Patients with the 'aggressive' form of multiple sclerosis accrue disability at an accelerated rate, typically reaching Expanded Disability Status Score (EDSS) >= 6 within 10 years of symptom onset. Several clinicodemographic factors have been associated with aggressive multiple sclerosis, but less research has focused on clinical markers that are present in the first year of disease.
The development of early predictive models of aggressive multiple sclerosis is essential to optimize treatment in this multiple sclerosis subtype. We evaluated whether patients who will develop aggressive multiple sclerosis can be identified based on early clinical markers.
We then replicated this analysis in an independent cohort. Patient data were obtained from the MSBase observational study.
Inclusion criteria were (i) first recorded disability score (EDSS) within 12 months of symptom onset; (ii) at least two recorded EDSS scores; and (iii) at least 10 years of observation time, based on time of last recorded EDSS score. Patients were classified as having 'aggressive multiple sclerosis' if all of the following criteria were met: (i) EDSS >= 6 reached within 10 years of symptom onset; (ii) EDSS >= 6 confirmed and sustained over >=6 months; and (iii) EDSS >= 6 sustained until the end of follow-up.
Clinical predictors included patient variables (sex, age at onset, baseline EDSS, disease duration at first visit) and recorded relapses in the first 12 months since disease onset (count, pyramidal signs, bowel-bladder symptoms, cerebellar signs, incomplete relapse recovery, steroid administration, hospitalization). Predictors were evaluated using Bayesian model averaging.
Independent validation was performed using data from the Swedish Multiple Sclerosis Registry. Of the 2403 patients identified, 145 were classified as having aggressive multiple sclerosis (6%).

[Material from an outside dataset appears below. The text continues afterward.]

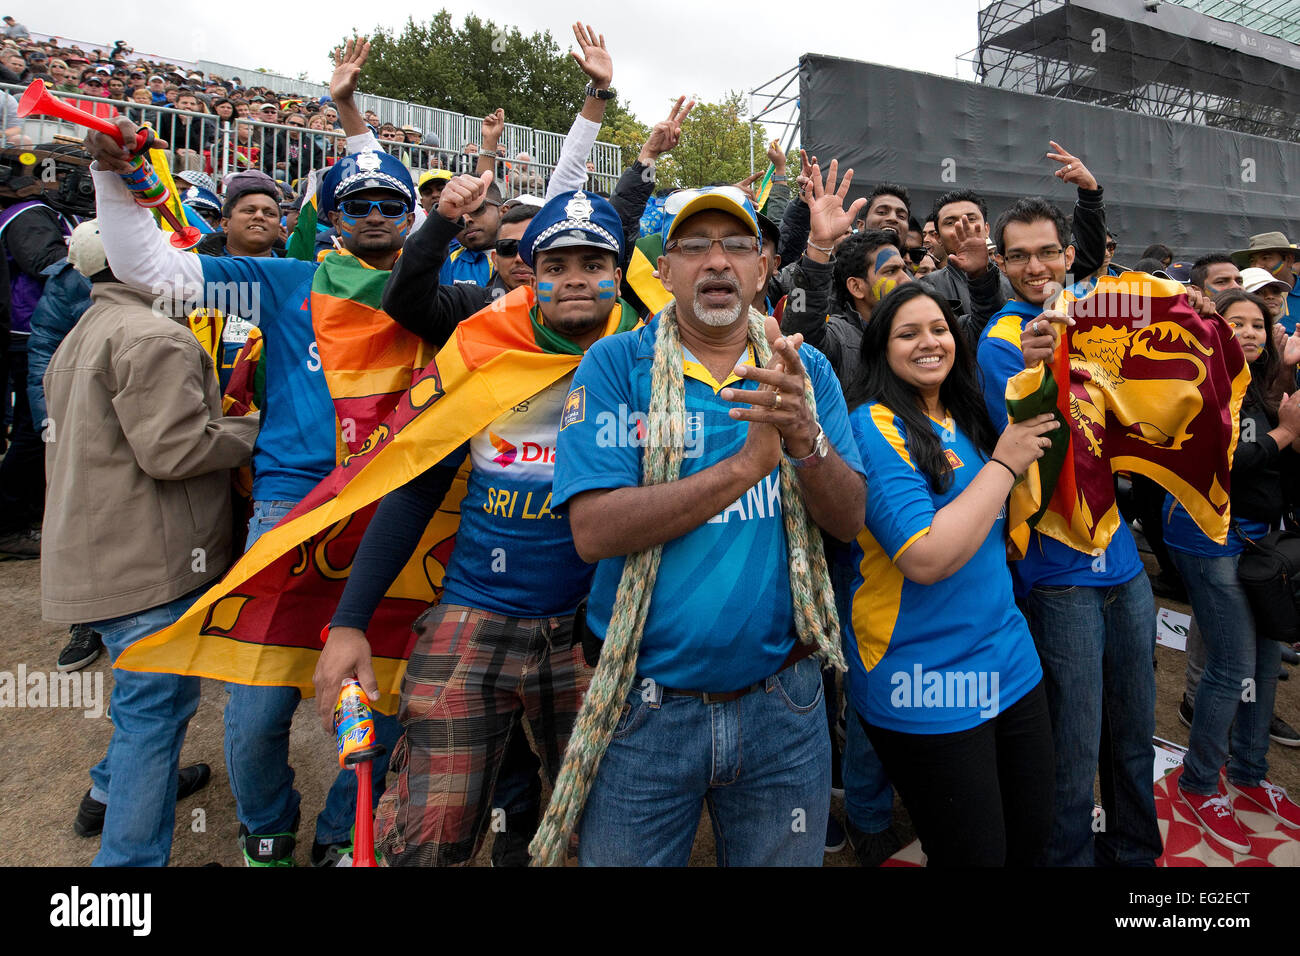 Christchurch, New Zealand, Feature. 14th Feb, 2015. Christchurch, New Zealand - February 14, 2015 - Fans of Sri Lanka celebrate during the ICC Cricket World Cup Match between Sri Lanka and New Zealand at Hagley Oval on February 14, 2015 in Christchurch, New Zealand, Feature. © dpa/Alamy Live News Stock Photo

Bayesian model averaging identified three statistical predictors: age > 35 at symptom onset, EDSS >= 3 in the first year, and the presence of pyramidal signs in the first year. This model significantly predicted aggressive multiple sclerosis [area under the curve (AUC) = 0.80, 95% confidence intervals (CIs): 0.75, 0.84, positive predictive value = 0.15, negative predictive value = 0.98].
The presence of all three signs was strongly predictive, with 32% of such patients meeting aggressive disease criteria. The absence of all three signs was associated with a 1.4% risk.
Of the 556 eligible patients in the Swedish Multiple Sclerosis Registry cohort, 34 (6%) met criteria for aggressive multiple sclerosis. The combination of all three signs was also predictive in this cohort (AUC = 0.75, 95% CIs: 0.66, 0.84, positive predictive value = 0.15, negative predictive value = 0.97).
Taken together, these findings suggest that older age at symptom onset, greater disability during the first year, and pyramidal signs in the first year are early indicators of aggressive multiple sclerosis.